Given data
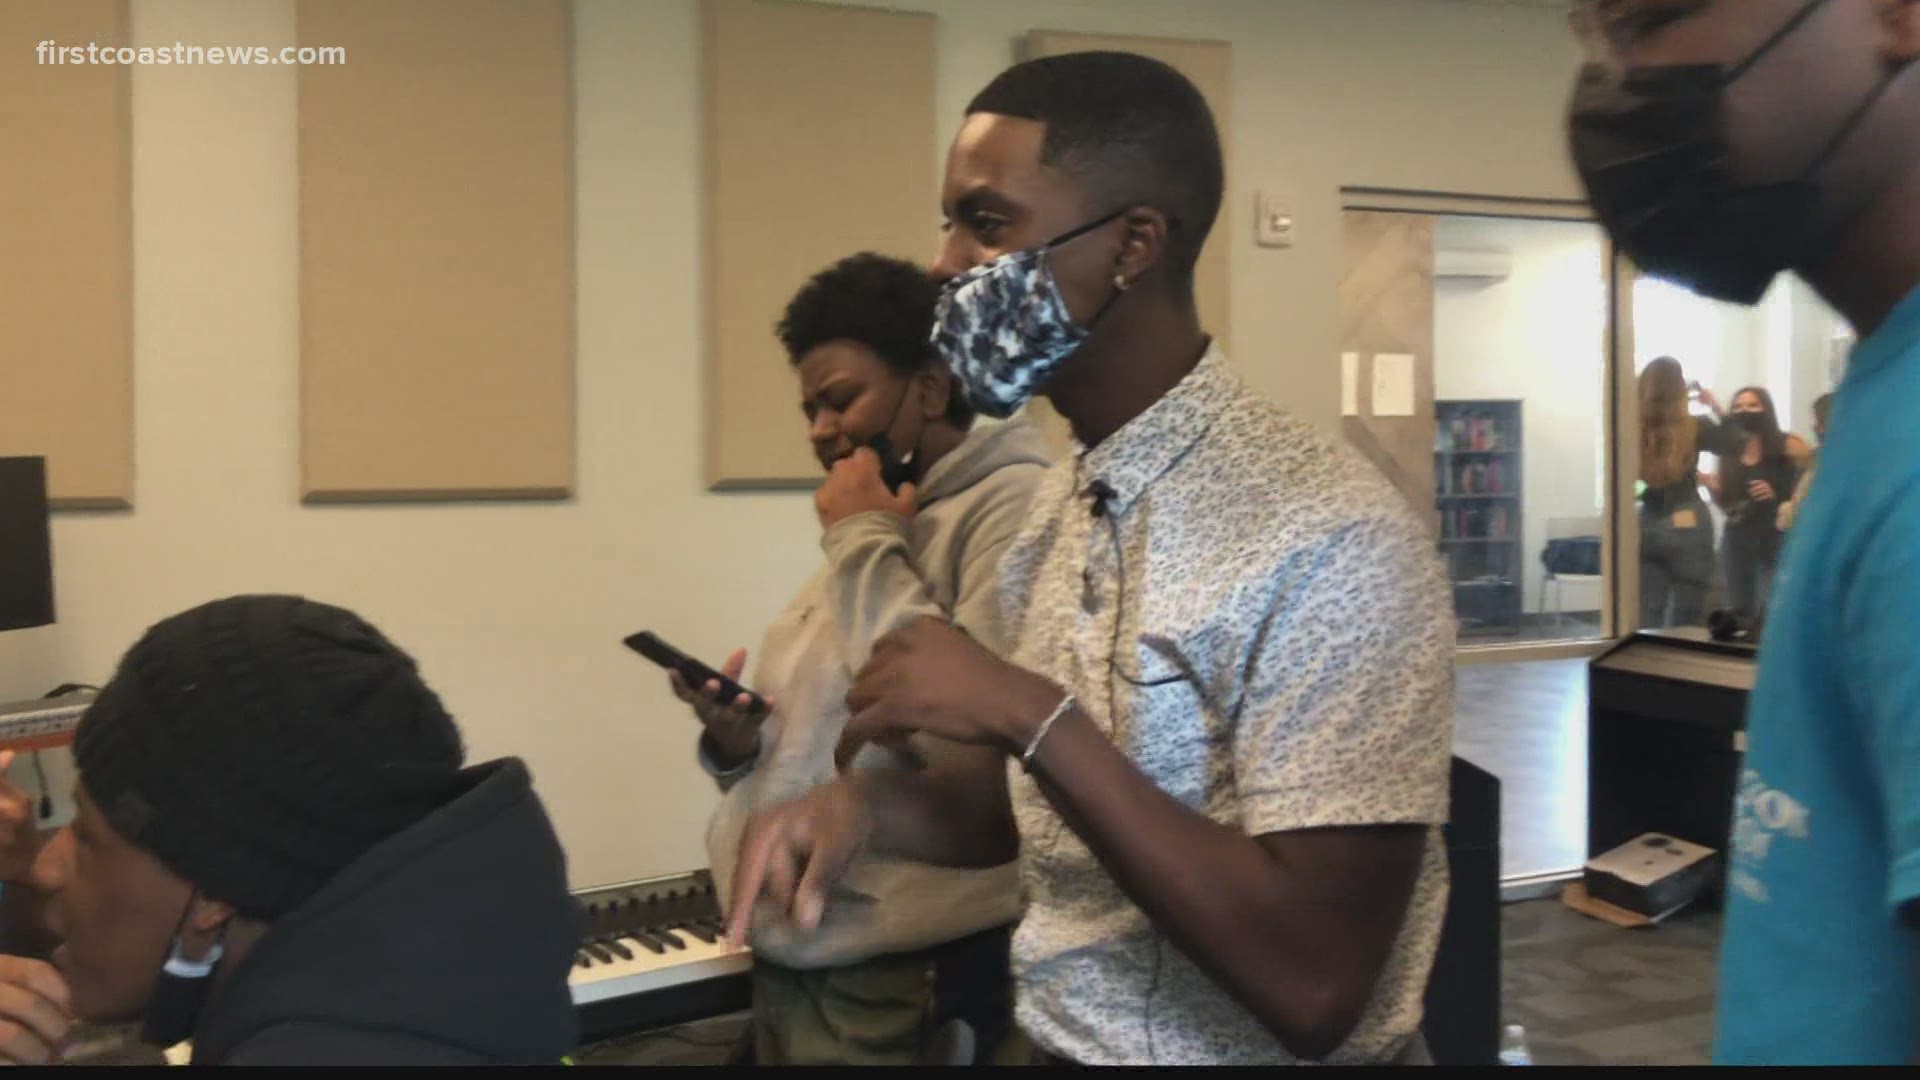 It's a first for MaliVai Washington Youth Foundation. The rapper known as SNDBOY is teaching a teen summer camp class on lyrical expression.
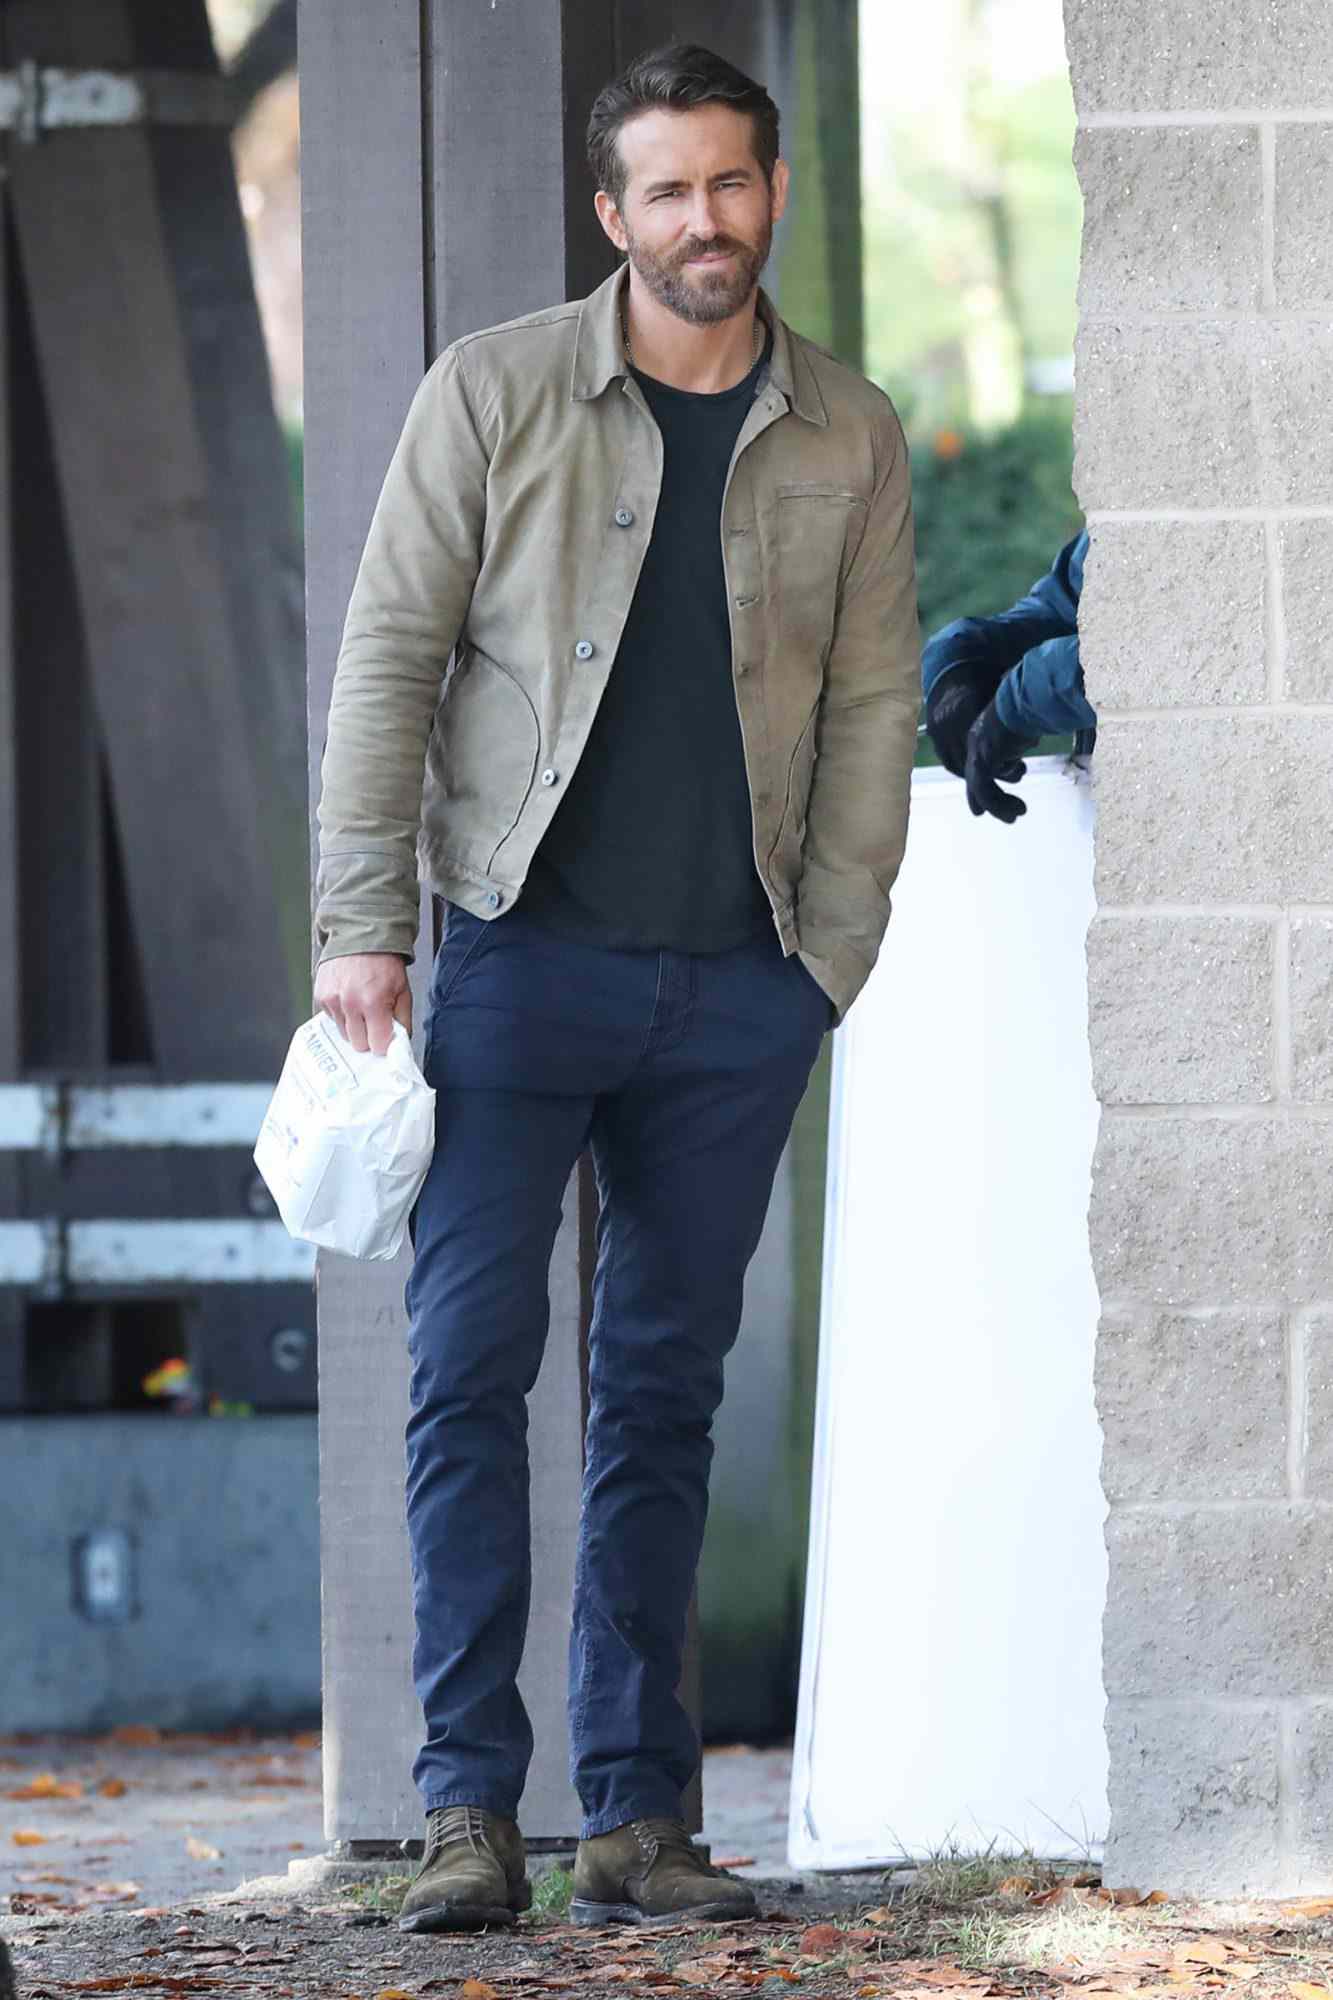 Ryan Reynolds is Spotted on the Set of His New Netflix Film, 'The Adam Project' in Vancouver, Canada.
* * *
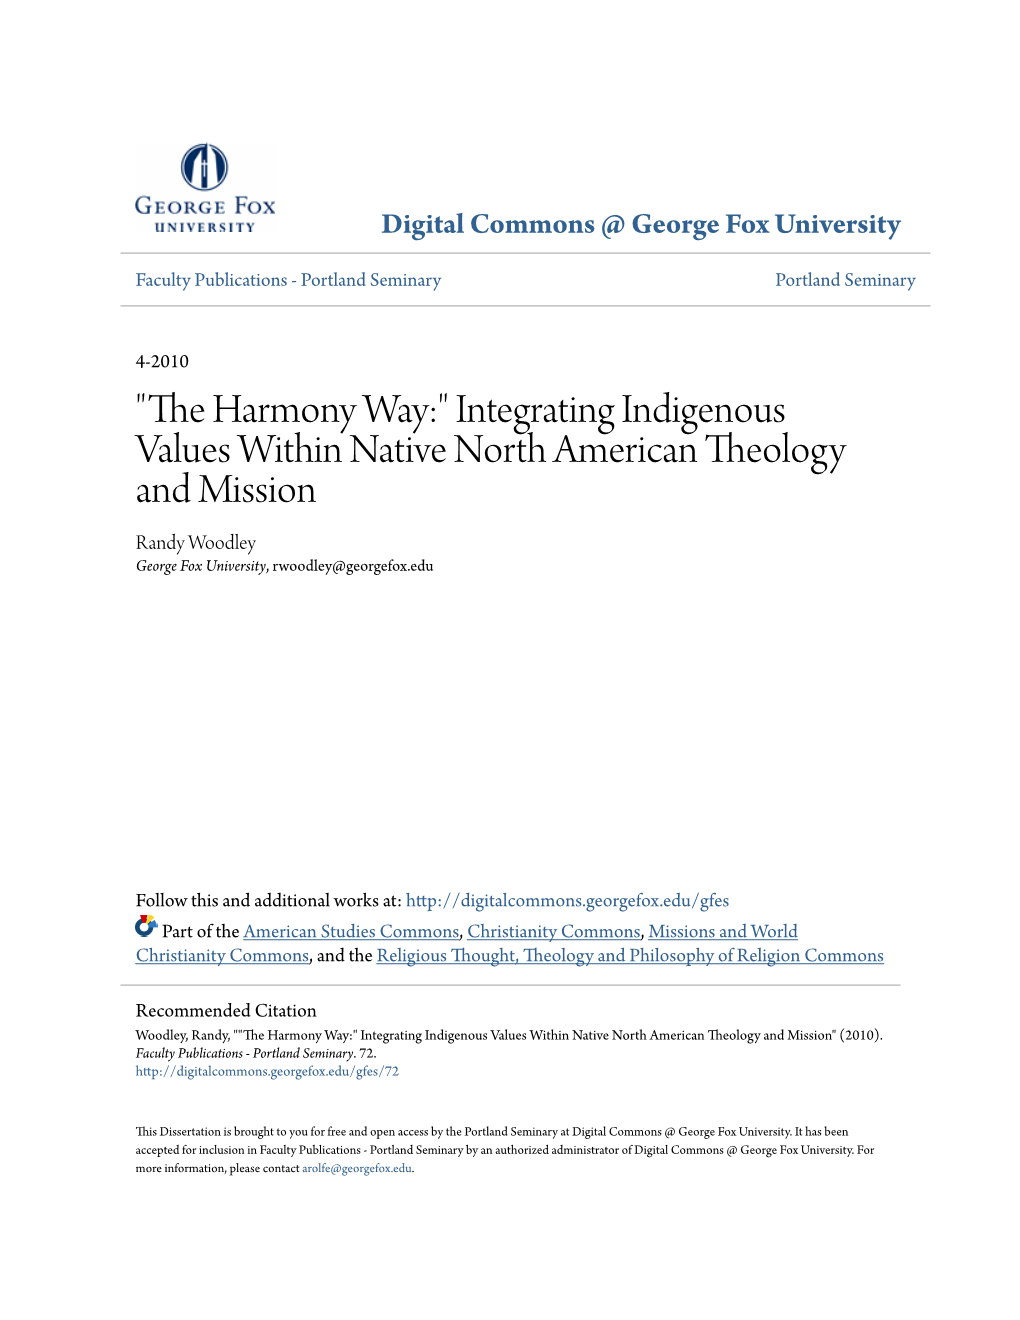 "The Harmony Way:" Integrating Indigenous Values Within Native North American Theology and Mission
...
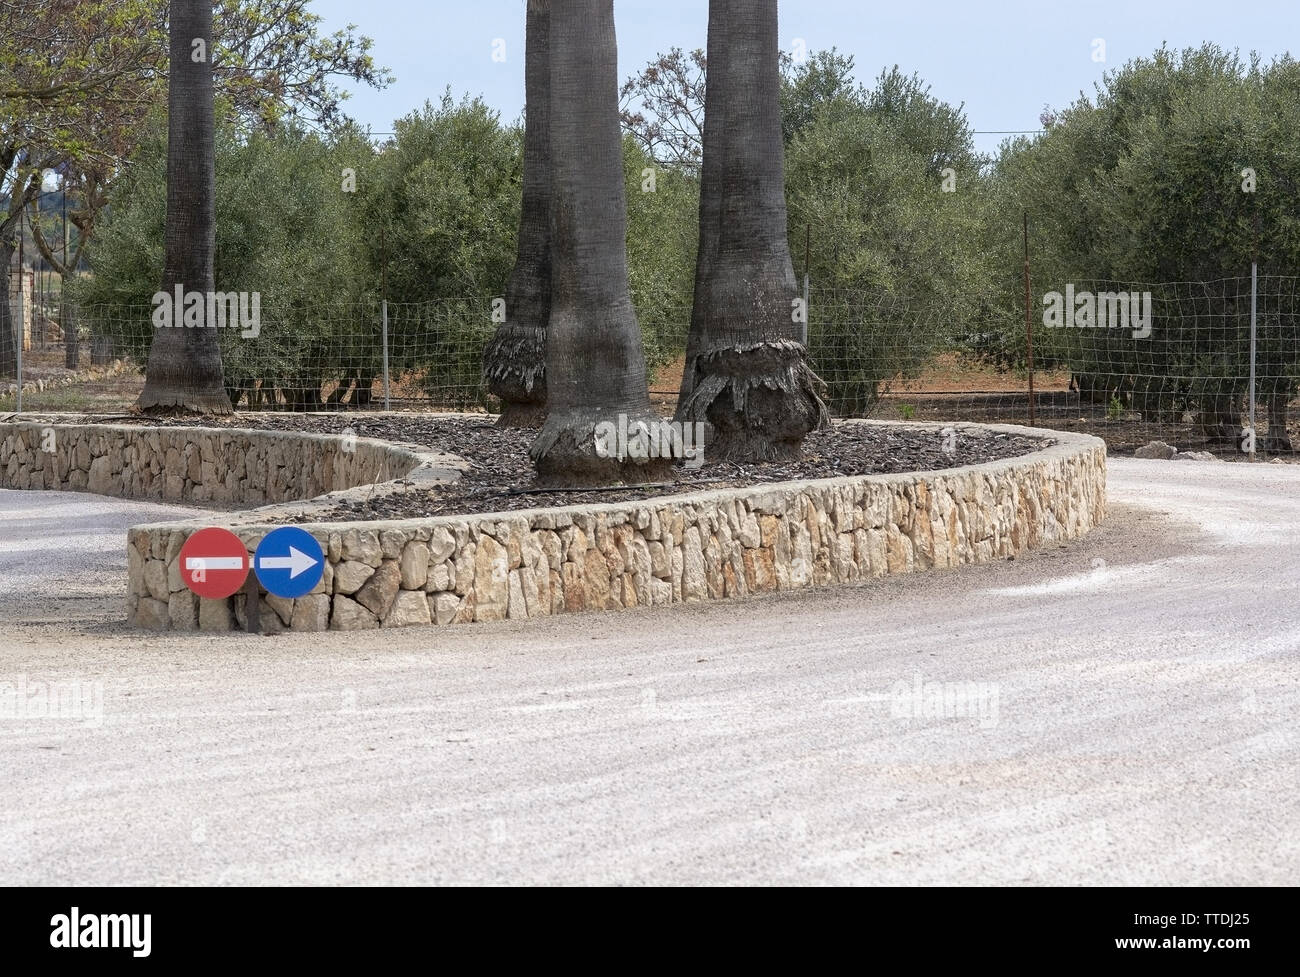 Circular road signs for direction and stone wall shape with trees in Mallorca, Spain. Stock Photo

The task
Word for word, write out the lines above running from the one with "It's a first" up to and including the one with "Ryan Reynolds is". Drop any picture.

Result of the exercise
 It's a first for MaliVai Washington Youth Foundation. The rapper known as SNDBOY is teaching a teen summer camp class on lyrical expression.
 Ryan Reynolds is Spotted on the Set of His New Netflix Film, 'The Adam Project' in Vancouver, Canada.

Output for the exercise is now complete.